Figura 3 . Análisis de supervivencia y proliferación de los grupos de CTCs y CTC individuales. Las células individuales de los únicos CTCs o de los clusteres CTC de las células cultivadas BR16 derivadas del CTC fueron micromanipuladas en placas de 384-well. (A) diagrama de Kaplan-Meier que muestra la probabilidad de supervivencia de células individuales sembradas versus racimos celulares. P< 0.0001 mediante una prueba de rango logaritmo en parejas. (B) gráfico de barras que represente la proporción de colonias que consistían en células vivas al final del experimento (día 56). P< 0.0001 por prueba de Chi-cuadrado. (C) Heatmaps visualizando la distribución normalizada del número de células en el transcurso del experimento (día 0, 8, 32, 56). Cada bloque representa una celda de inicio y el mapa térmico muestra el número de celdas por pozo en un determinado punto de tiempo. d = día. Por favor, haga clic aquí para ver una versión más grande de esta figura.

Figura 4 . Secuenciación de ARN de una sola célula. Visualización de los datos de expresión del ARN CTC mediante la incrustación de vecino estocástico distribuido por t (tSNE).

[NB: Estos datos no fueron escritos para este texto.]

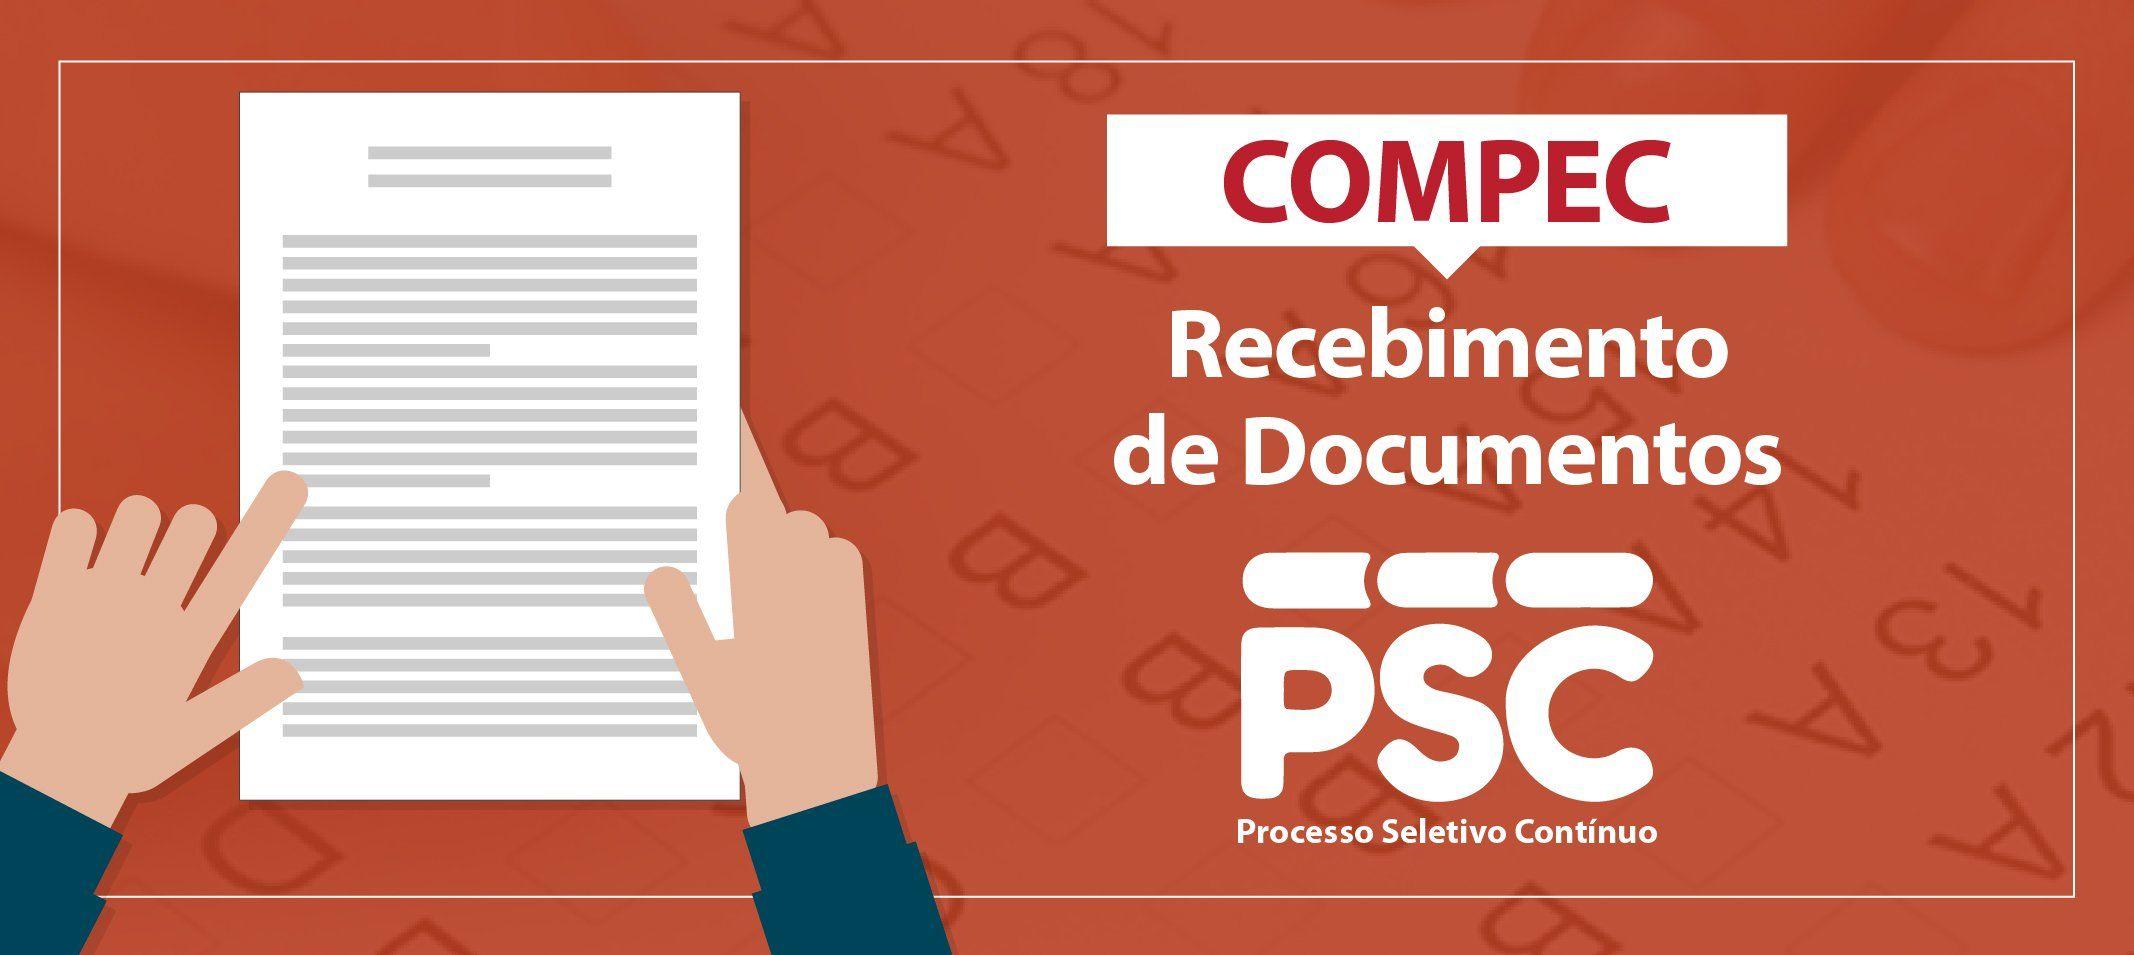 Compec abre período para recebimento de documentos dos candidatos do PSC 2020– 1ª Etapa Projeto 2022 e PSC 2020- 2ª etapa Projeto 2021

Cada punto representa una sola célula derivada de un solo CTC, de un cluster CTC o de un cluster CTC-WBC. Los colores de los puntos corresponden a la identificación del donante. Por favor, haga clic aquí para ver una versión más grande de esta figura.

N.A. y B.M.S. se enumeran como inventores en las solicitudes de patente relacionadas con células tumorales circulantes y el tratamiento del cáncer. N.A. es un consultor de pago para las compañías farmacéuticas y de seguros con un interés en la biopsia líquida.